About this exercise ▸ Give again only the lines from the line that holds "2pcs set Women" to the end of the data, inclusive, omitting all pictures.

Stored data ▸

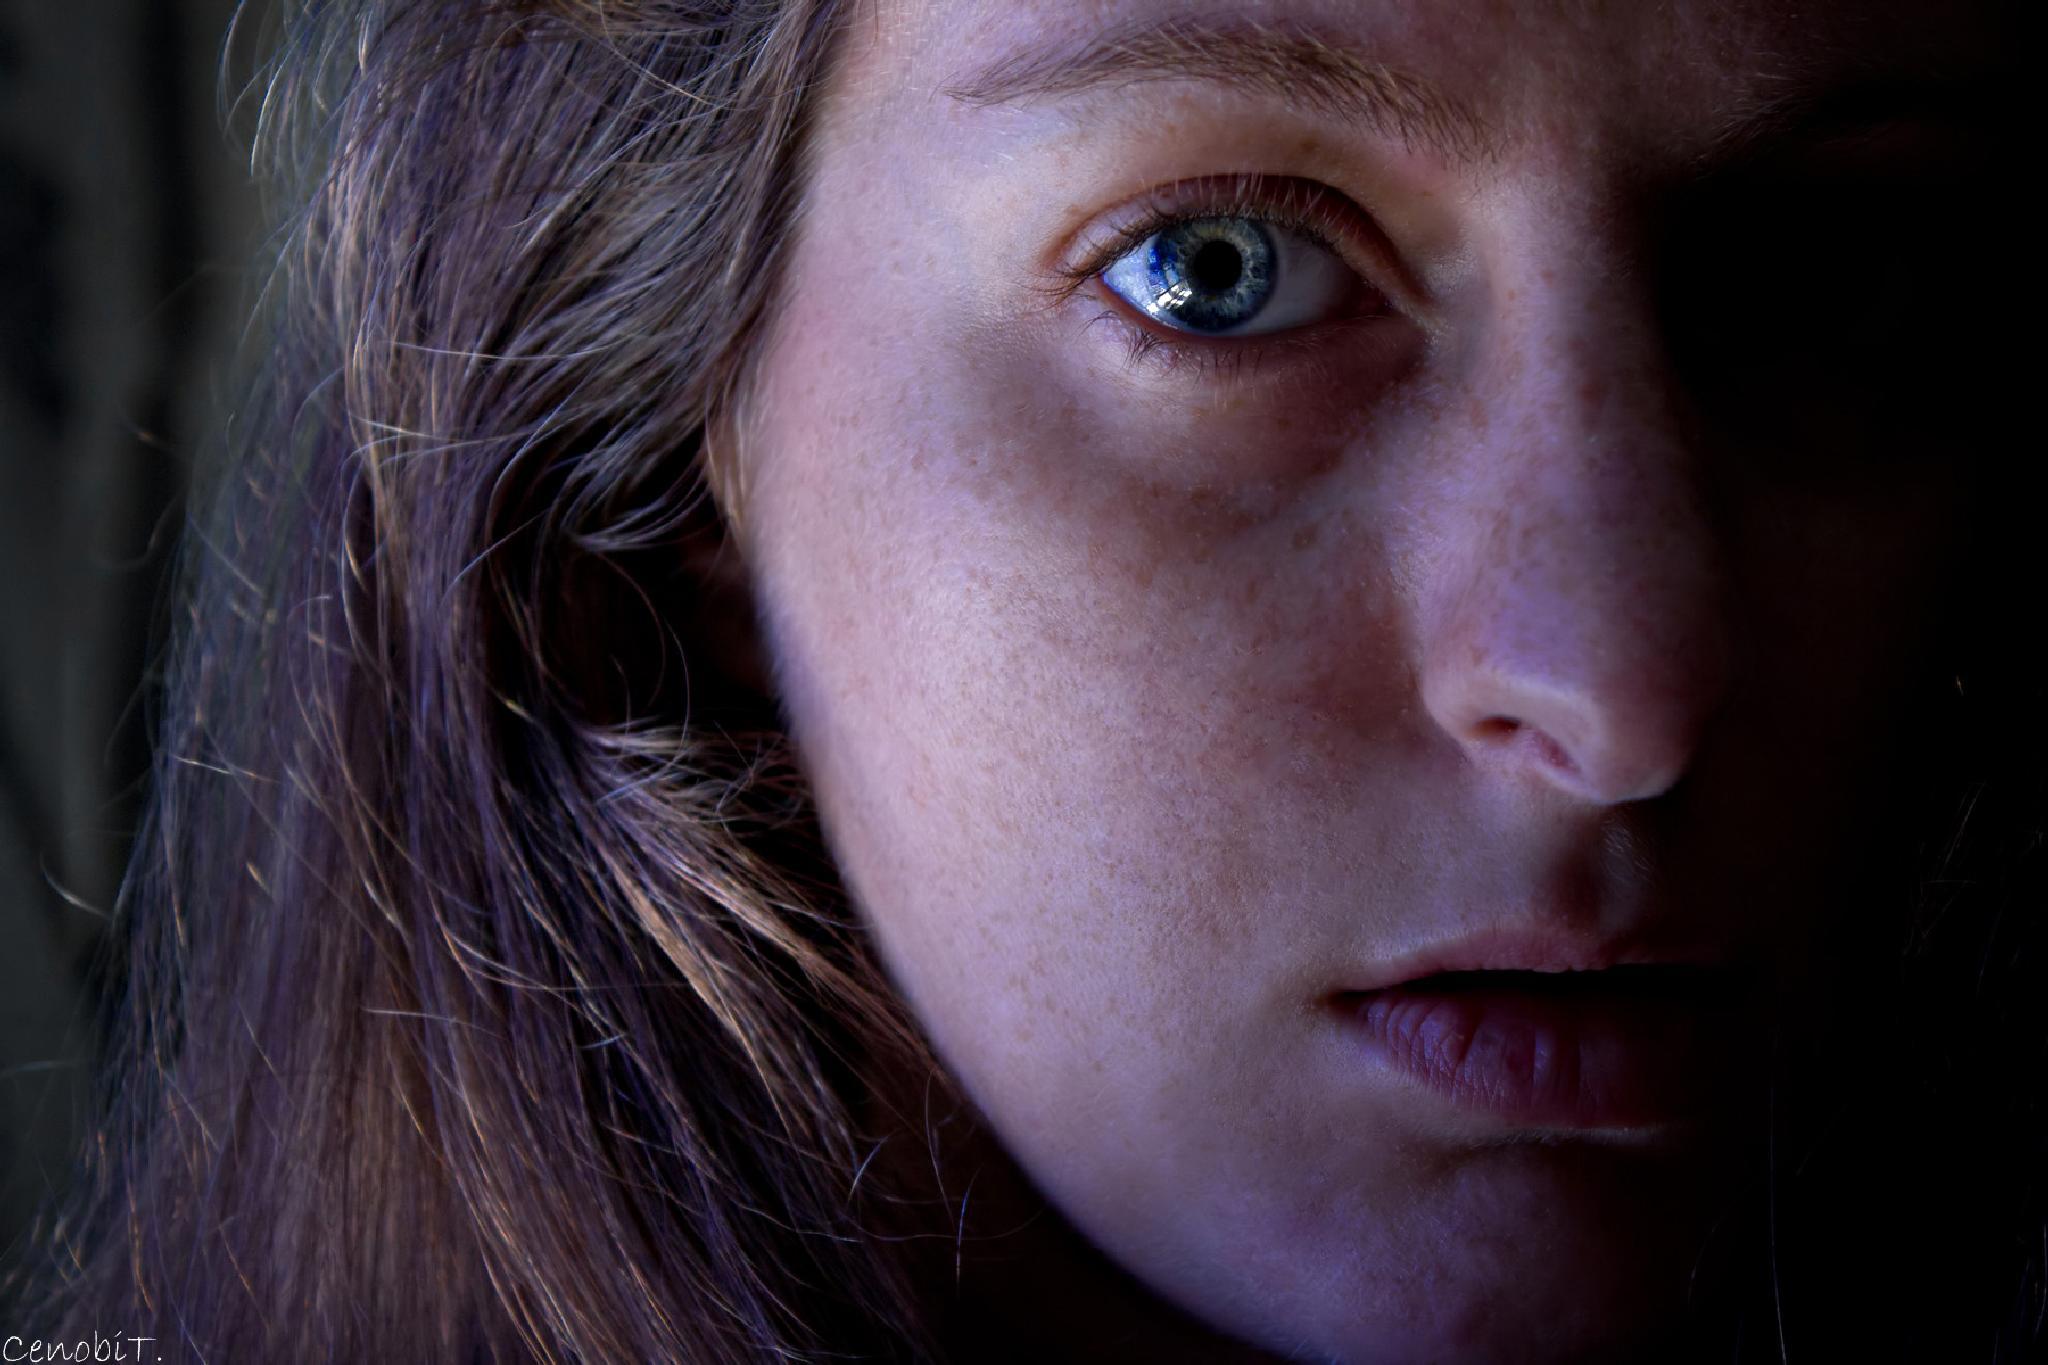 Season of Freckles by Tina Zdilar
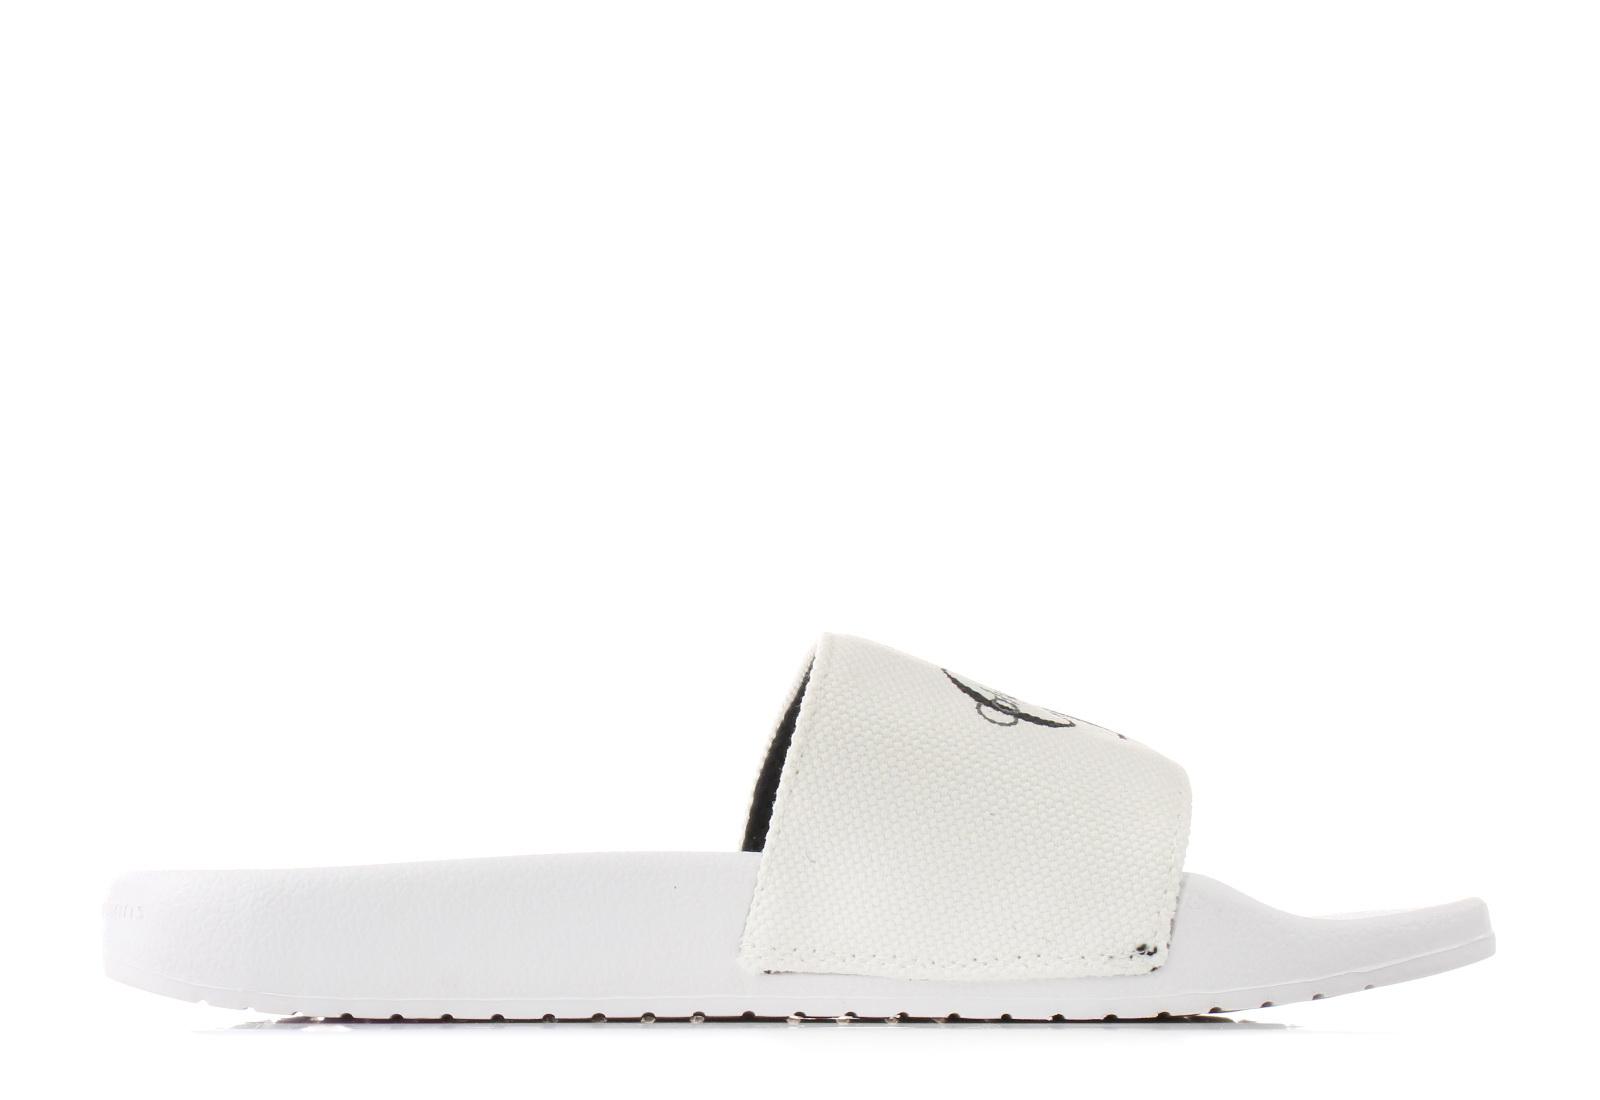 d965cead7b Calvin Klein Jeans Casual Bela Papuče - Chantal - Office Shoes Srbija
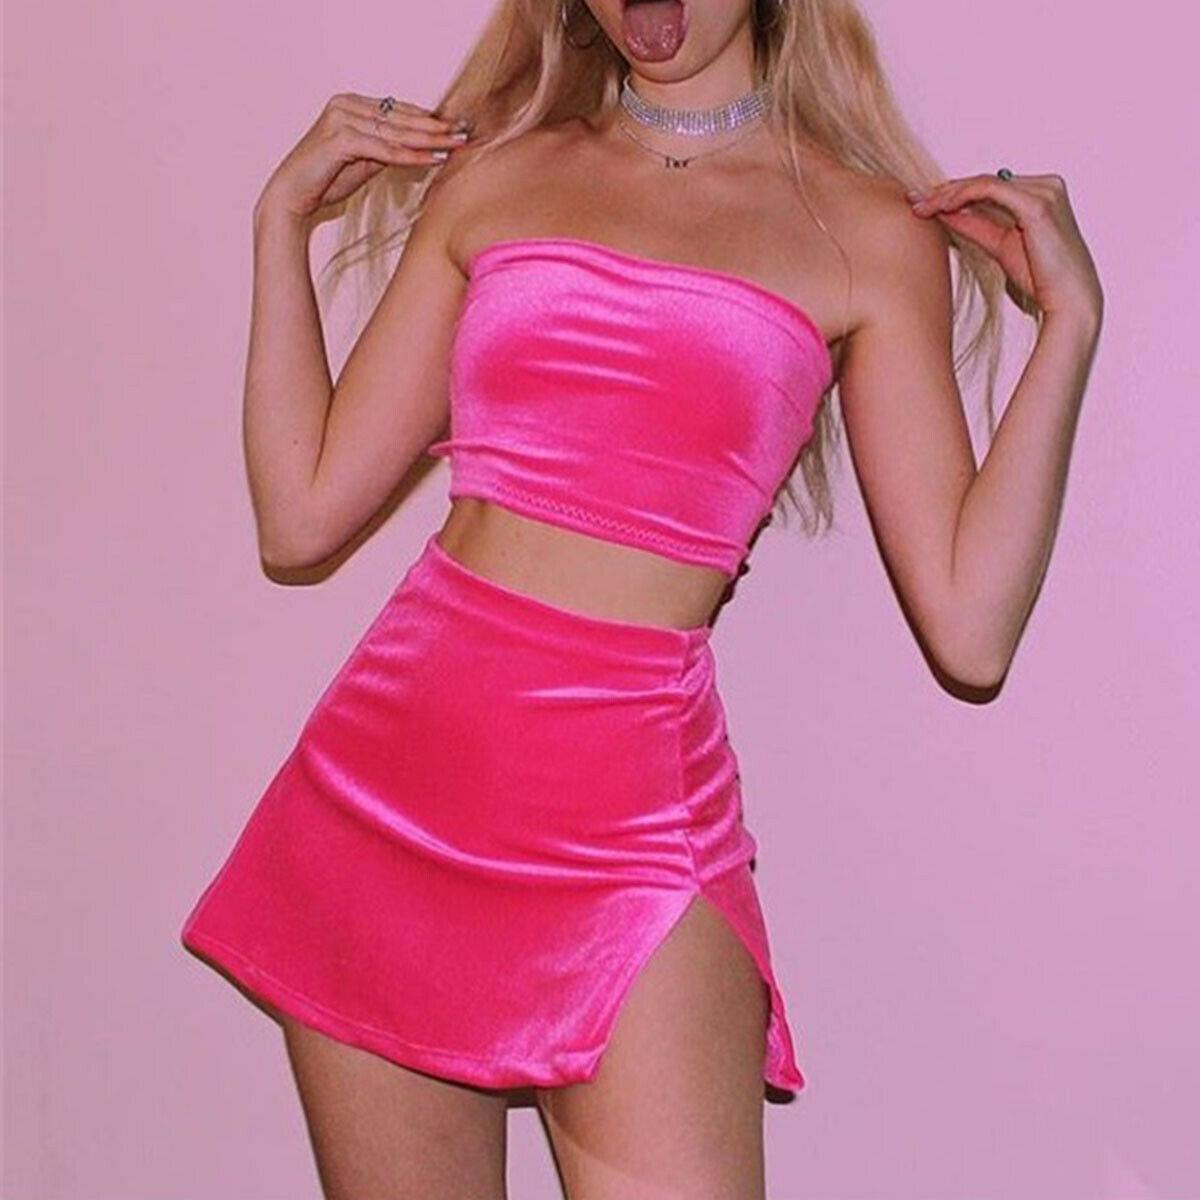 2pcs set Women Holiday Adjustable Spaghetti Strap Crop Tops High Waist Bodycon Skirt Set Ladies Summer Beach Party wear Outfits
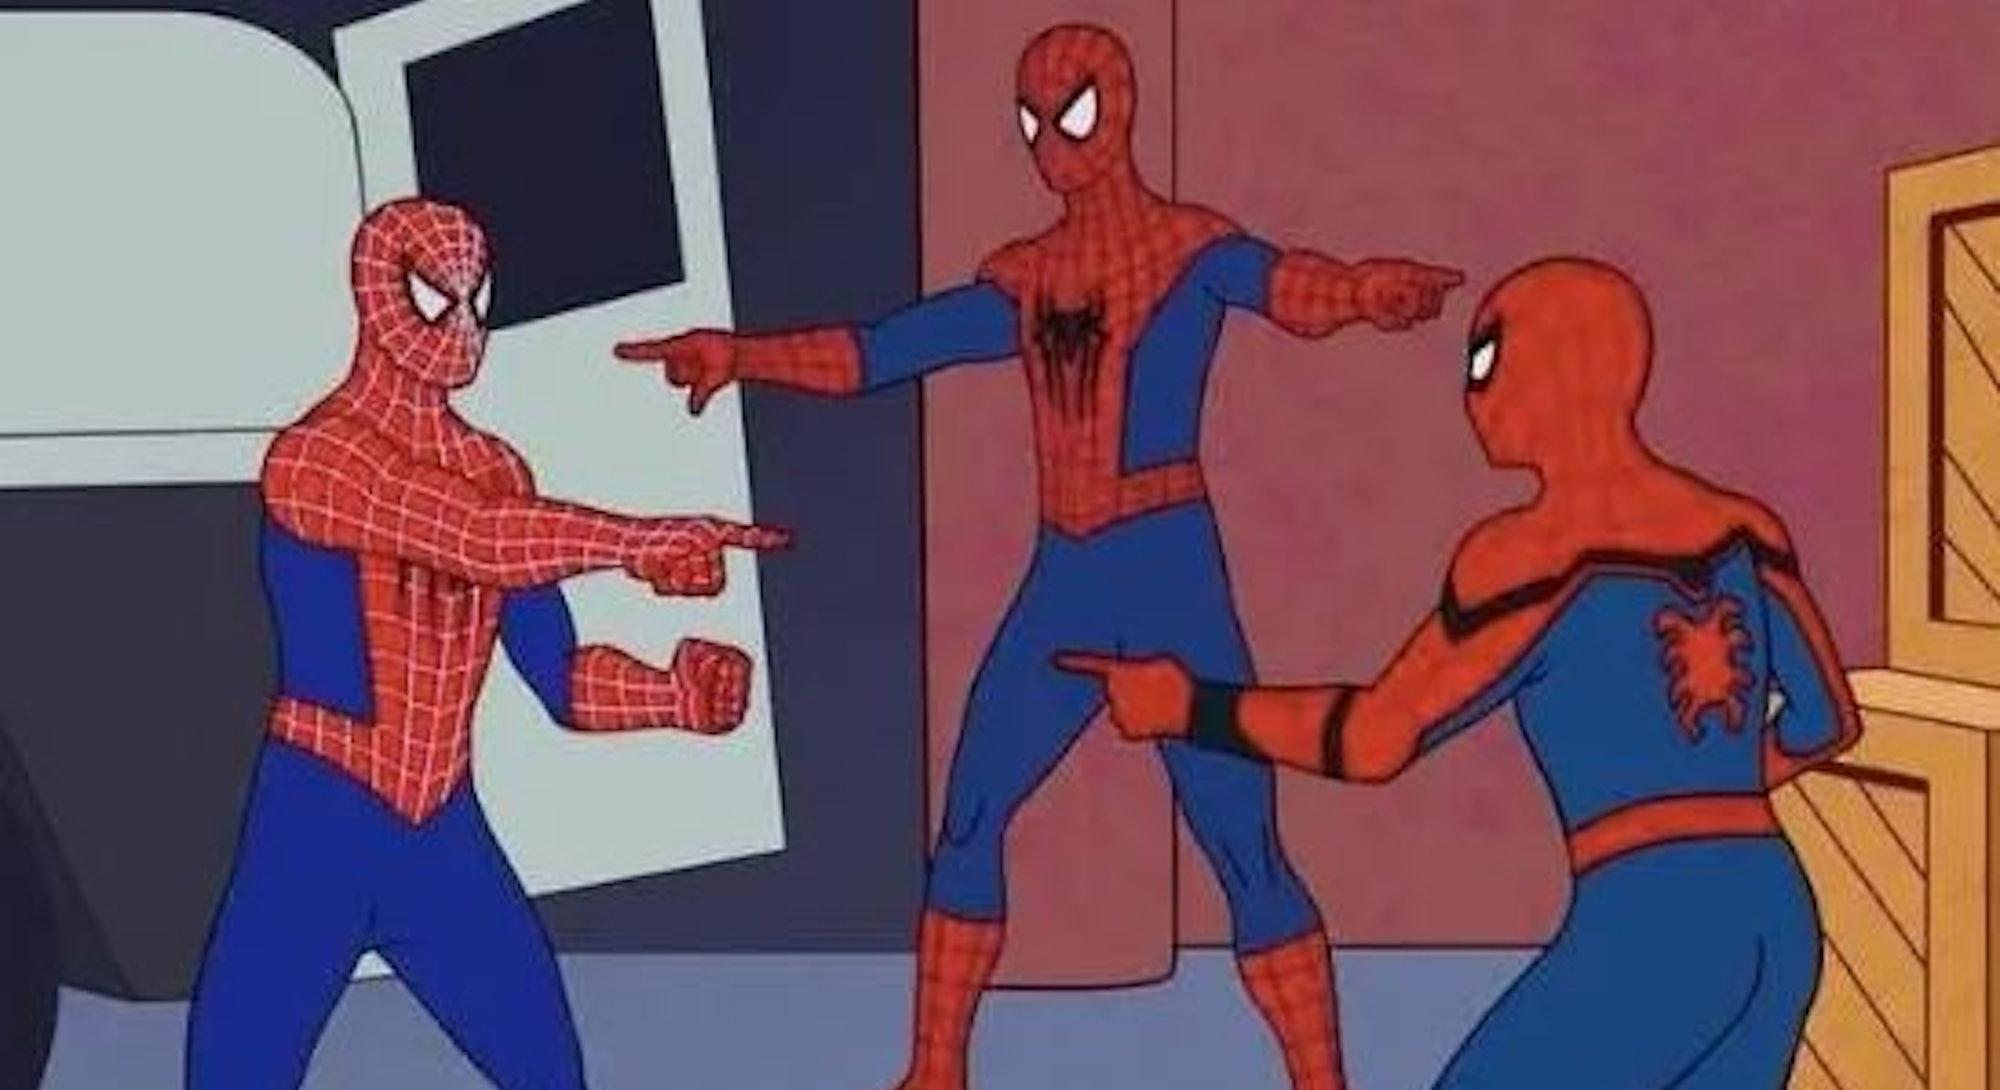 Spider Man meme pointing

Solution to the problem ▸
 2pcs set Women Holiday Adjustable Spaghetti Strap Crop Tops High Waist Bodycon Skirt Set Ladies Summer Beach Party wear Outfits
 Spider Man meme pointing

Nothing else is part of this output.